When Ben Richard's daughter gets pneumonia, he turns to the Network for help and becomes a contestant on the deadliest of reality shows, The Running Man. Can Richards run long enough to earn the money for his daughter's medicine? And what will he learn as he runs for his life for the amusement of the public watching The Running Man?

This is the best book made into a movie starring Arnold Schwarzenegger I've ever read. Actually, apart from a couple character names, the dystopian setting, and the concept of a reality show where the contestants will likely die, it has very little resemblance to the Arnold flick.

Richard Bachman really liked his dystopias, didn't he? This one bears a startling resemblance to our current reality tv situation. Funny, Bachman predicting the rise of reality tv decades before it came to pass.

Ben Richards is an unemployed loser with a wife that occasionally turns tricks to make ends meet. In order to make some money, he winds up on The Running Man, running for his life in a polluted world that's falling apart.
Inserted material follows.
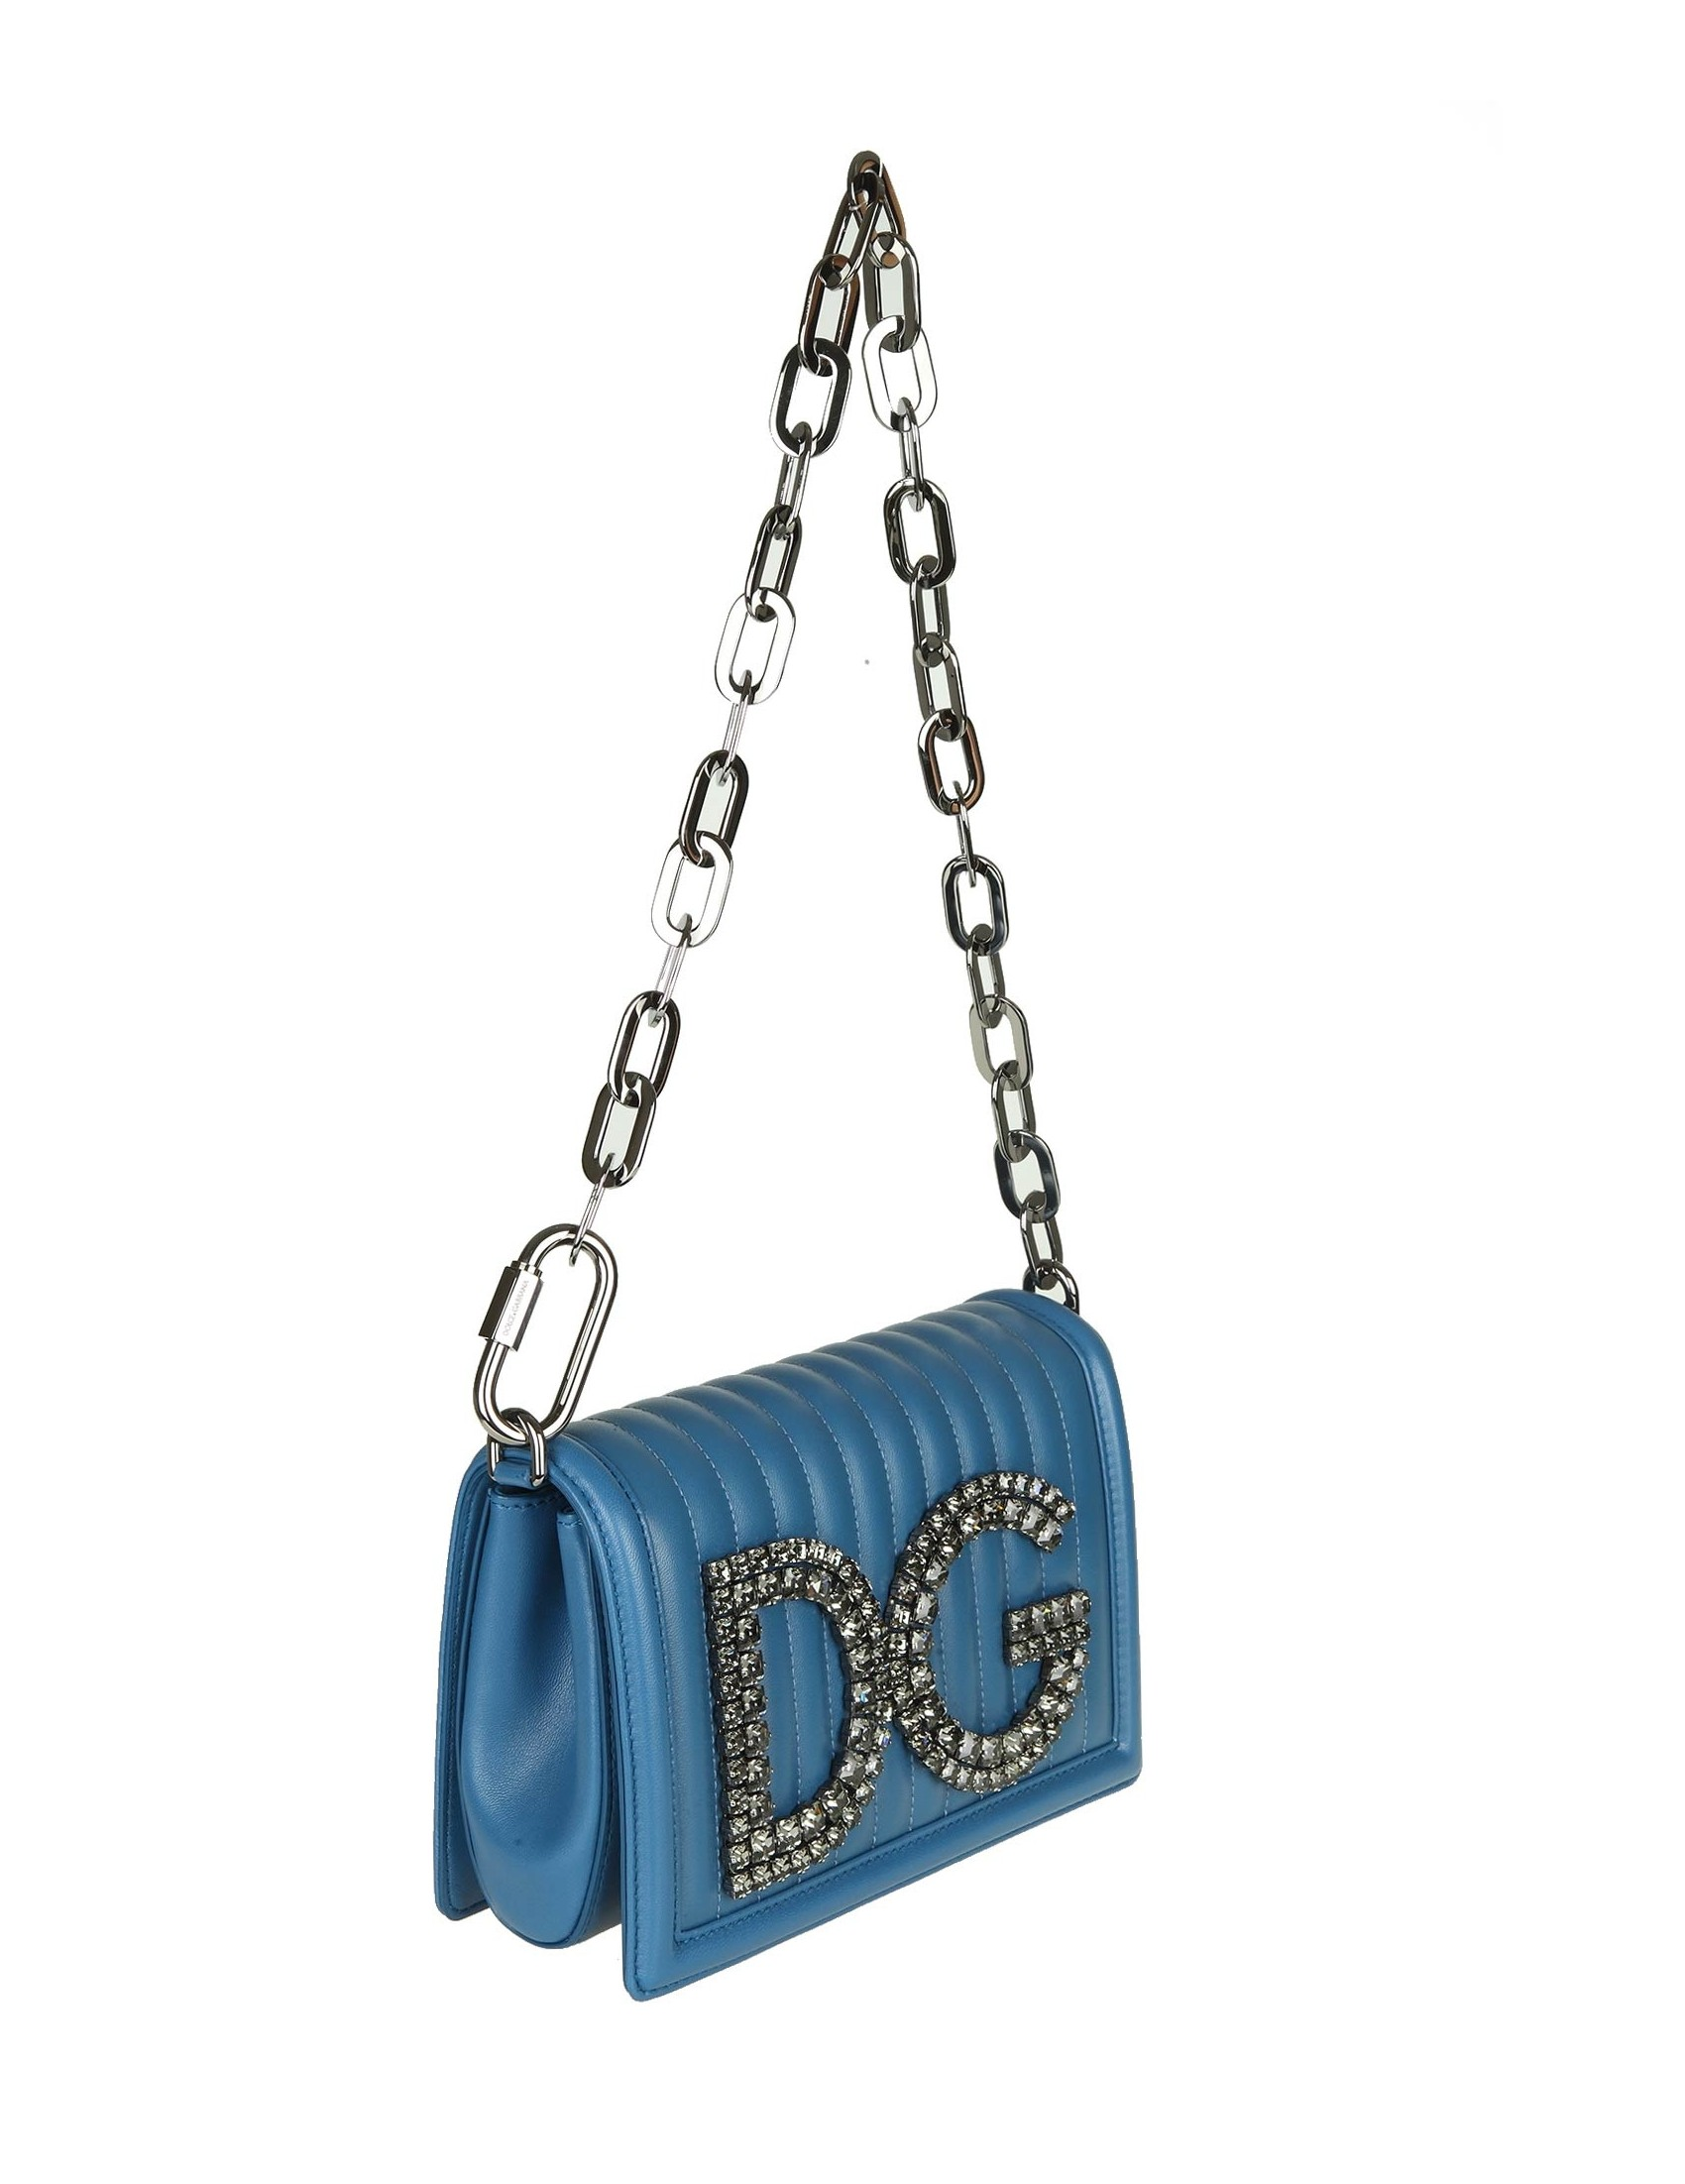 88ac4ca6155a4 Dg Matelasse  Blu Pelle Borsa Donna Pochette Dolce amp  Gabbana Colore  wnaqX4Z4

The suspense in this thing builds and builds as Richards gets deeper into the game. Can he trust anyone? How is the Network tracking him? Will his daughter still be alive when the much needed money gets to her? Things start falling apart for him near the end and the tension is almost unbearable. 

Richards is a much deeper character than the Arnold version. As his sense of desperation grows, one can't help but imagine him or herself in Richard's situation. 

Like a lot of people, I think The Running Man is likely one of the parents of the Hunger Games, along with The Long Walk.

That's pretty much all I can say. It's a gripping, breezy read, far from the bloated gargantuas of Stephen King's Richard Bachman's later books. 3.5 out of 5 stars.